The DTS Music Disc (official name), DTS Audio CD or 5.1 Music Disc is an audio Compact Disc that contains music in one of various possible surround sound configurations. The specification permits discrete channel configurations from 2.0 (L, R) to 6.1 (L, R, C, LFE, Ls, Rs, Cs), although 5.1 (L, R, C, LFE, Ls, Rs) is the most common. Physically, a DTS Music Disc conforms to the Red Book standard; however a DTS bitstream, based on the Coherent Acoustics compression algorithm, is actually encapsulated in each PCM audio track. This configuration permits any non-DTS enabled player to output multi-channel audio when connected to an external DTS-compliant processor (e.g. a typical AV receiver) via a digital interface like S/PDIF or HDMI, provided that the player does not modify the bitstream internally.

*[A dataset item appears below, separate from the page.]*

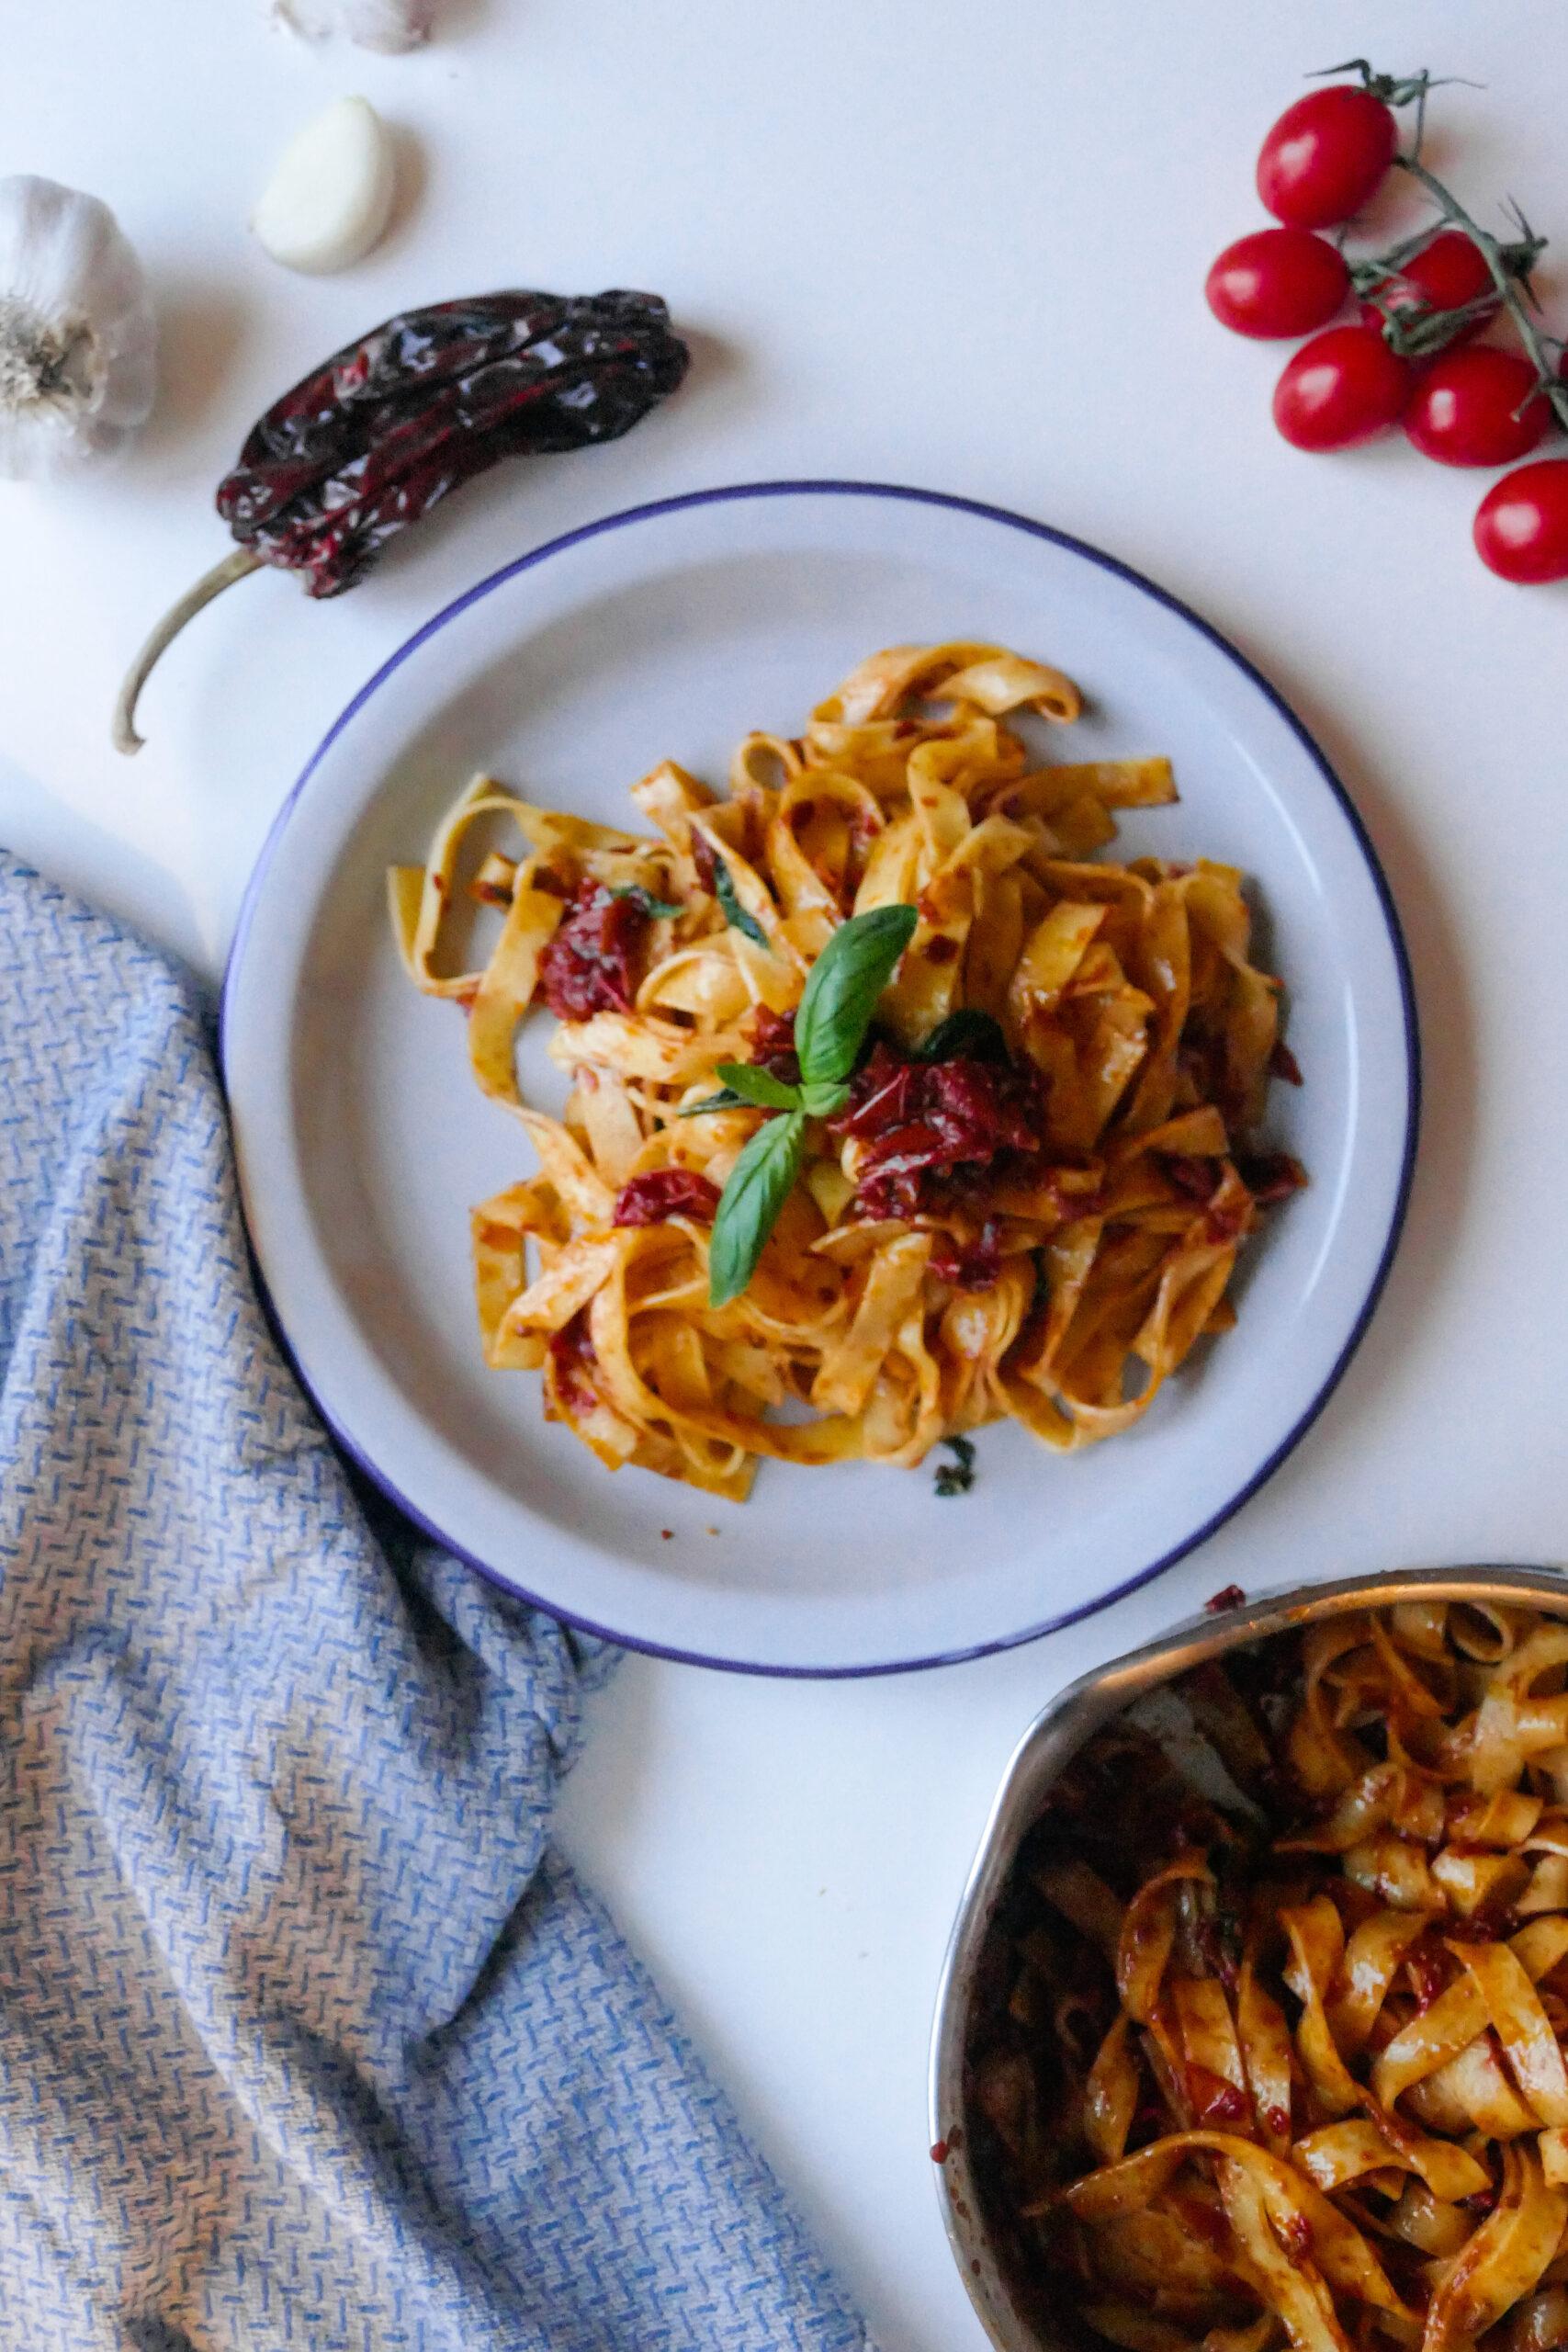 Receta fettuccine con tomatitos cherry y pimiento choricero Grossi

Although the DTS audio track is read at the same fixed bitrate as 16-bit linear PCM (1,411 kbit/s), only 14 bits (1,234 kbit/s) are used for the encoded data stream; the two highest-order bits are always zero. This has the effect of attenuating the noise that would result (by roughly 12 dB) should one attempt to play a DTS Music Disc with a non-DTS system, thereby reducing the chance of speaker damage. This is, of course,  not an issue for players with internal DTS decoders, such as some DVD-Audio and Blu-ray players; these devices will output a properly decoded audio signal through their analogue ports.

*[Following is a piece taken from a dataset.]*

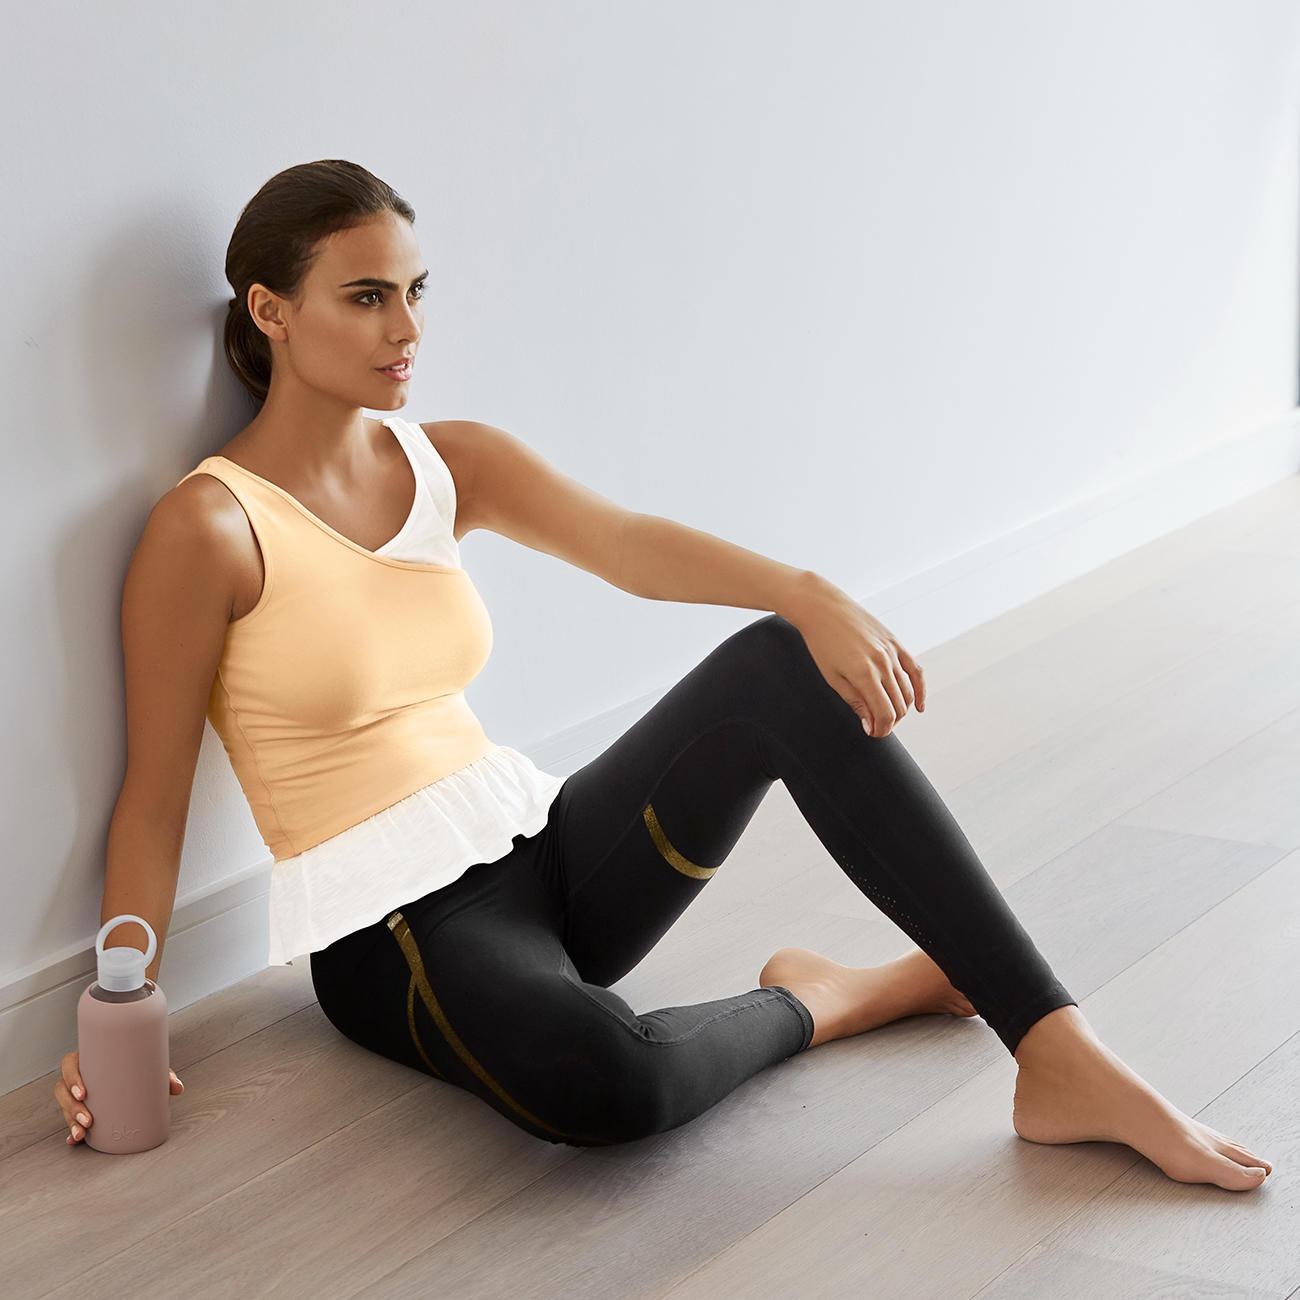 Mandala Layer-Top oder Gold-Print-Leggings, 34 - Schwarz/Gold - Gold-Print-Leggings :: Schwarz - 34 -  - Erwachsene

Although all compliant DTS decoders support surround configurations of up to 5.1 channels, only a full DTS ES (DTS Extended Surround) decoder will fully decode discs with 6.0 or 6.1 channels of audio. DTS ES comes in two versions: DTS ES Matrix and DTS ES Discrete. Depending on the disc and decoder used, the Cs (center surround) channel will either be derived from the Ls and Rs of a conventional 5.1 track via matrix decoding, or exist as a fully discrete digital extension to a 5.0 or 5.1 core. In either case, backward compatibility is maintained with non-ES decoders.